- [Dataset extract]
+++

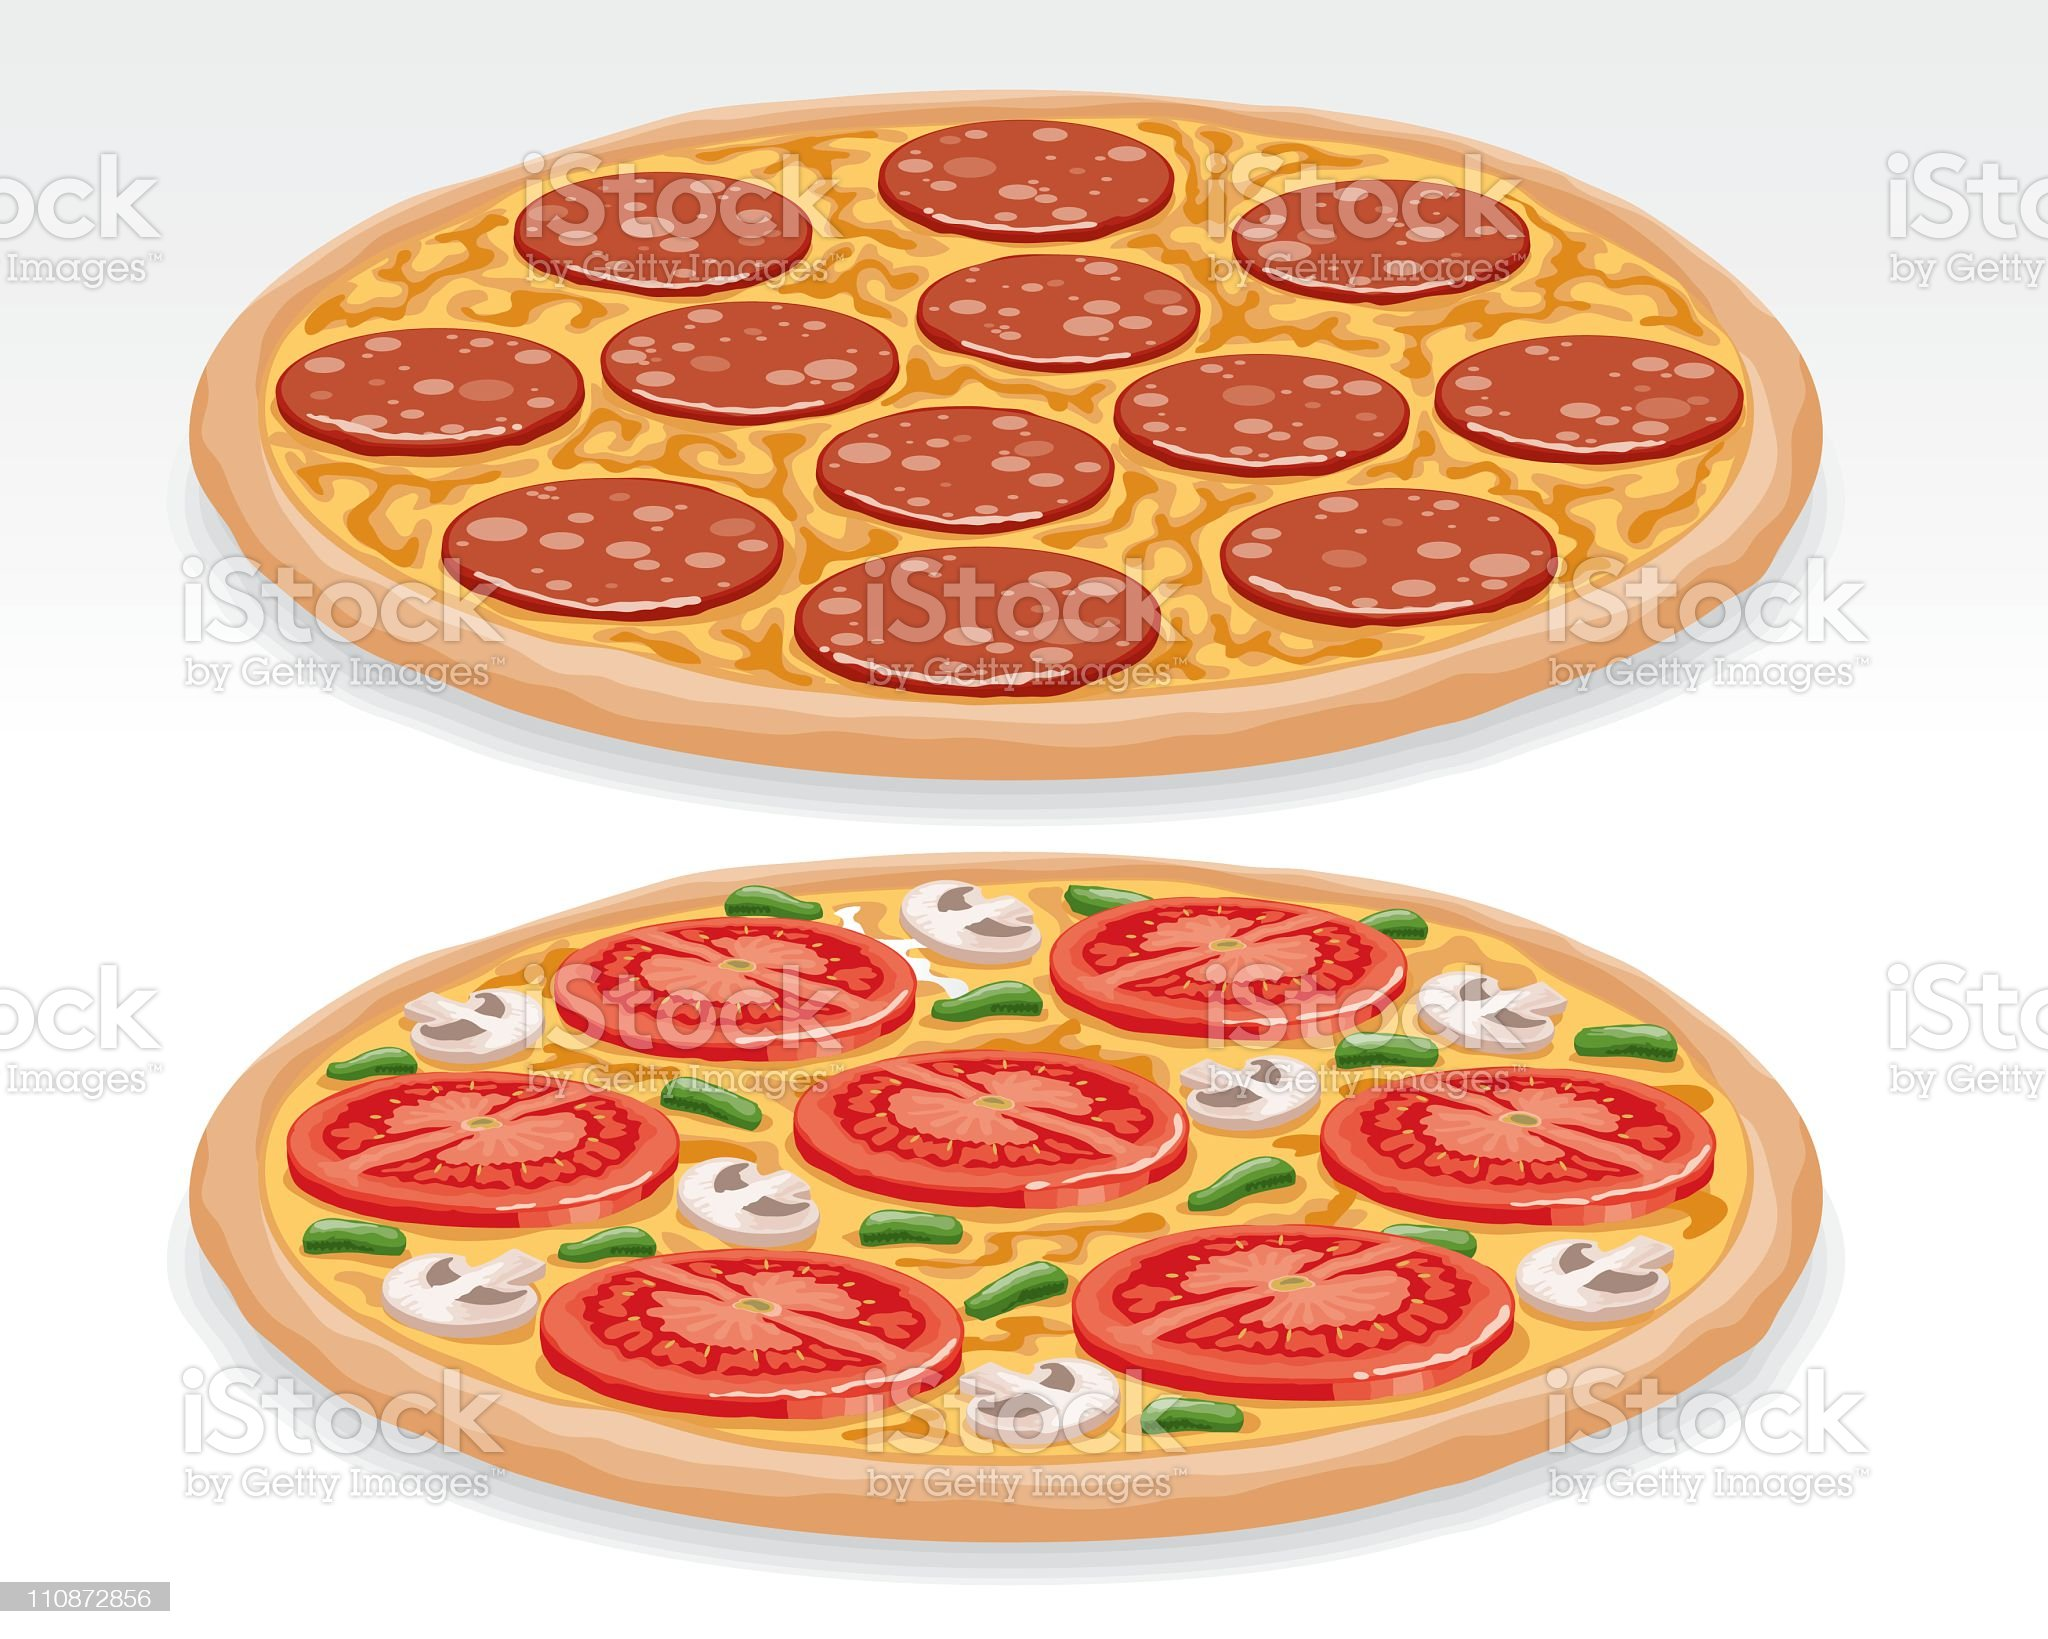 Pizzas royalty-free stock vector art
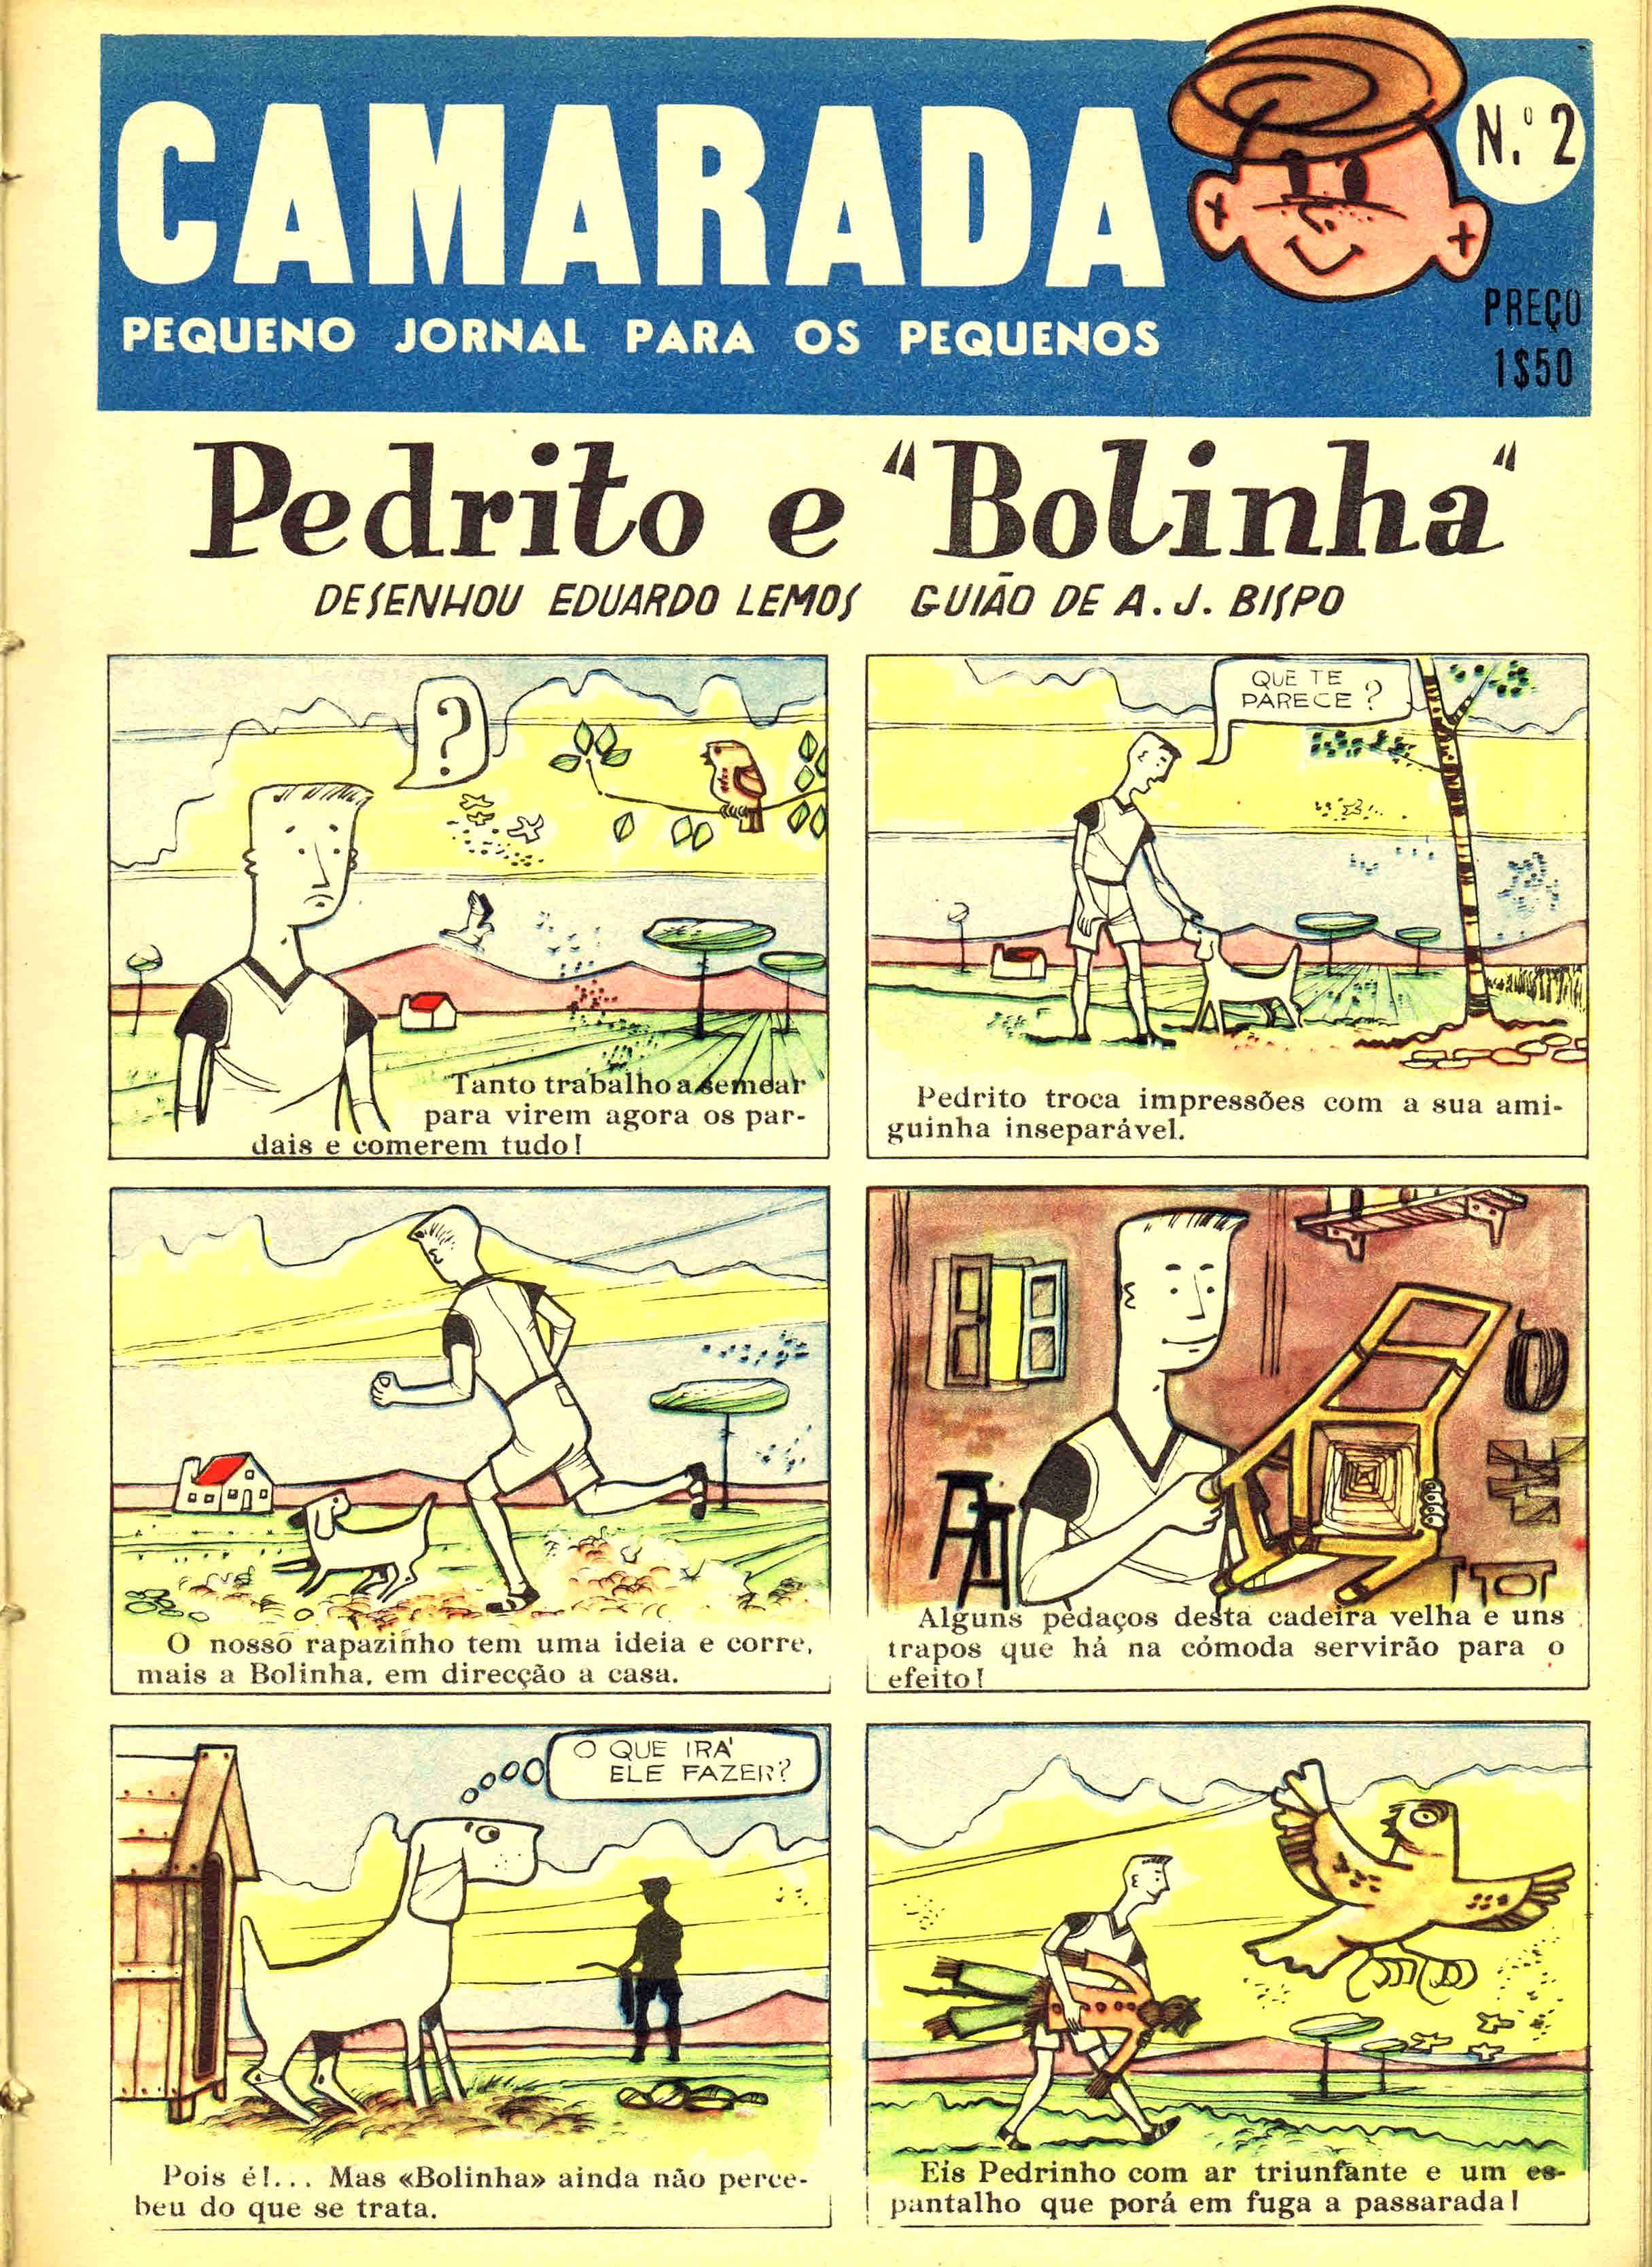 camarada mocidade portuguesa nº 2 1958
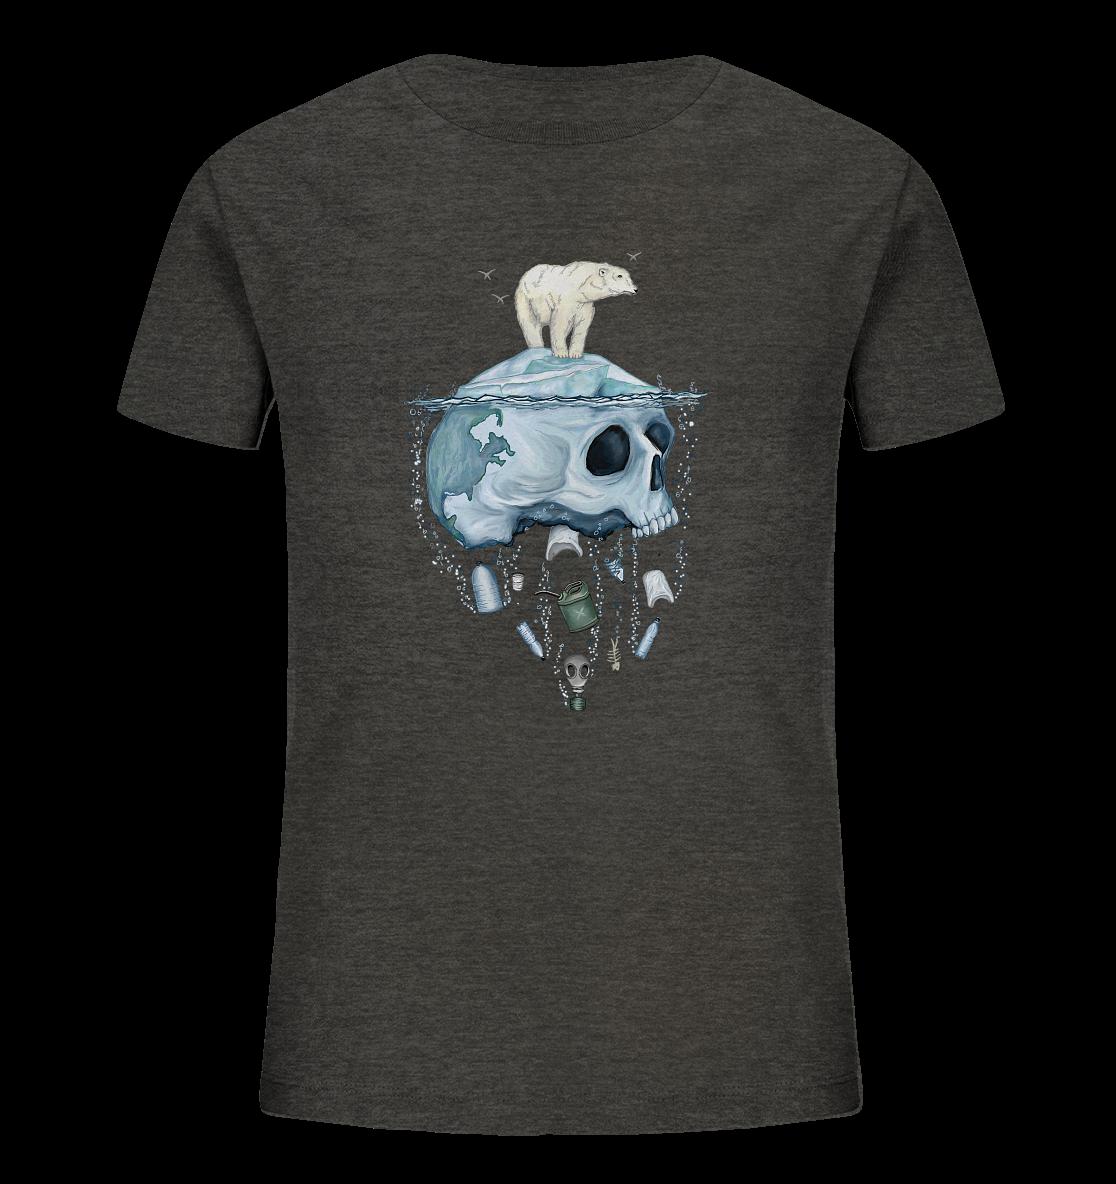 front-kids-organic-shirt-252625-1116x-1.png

+++

- [Exercise] Each line of the data must be restated exactly, and the pictures must be left out.

- [Result]
 Pizzas royalty-free stock vector art
 camarada mocidade portuguesa nº 2 1958
 front-kids-organic-shirt-252625-1116x-1.png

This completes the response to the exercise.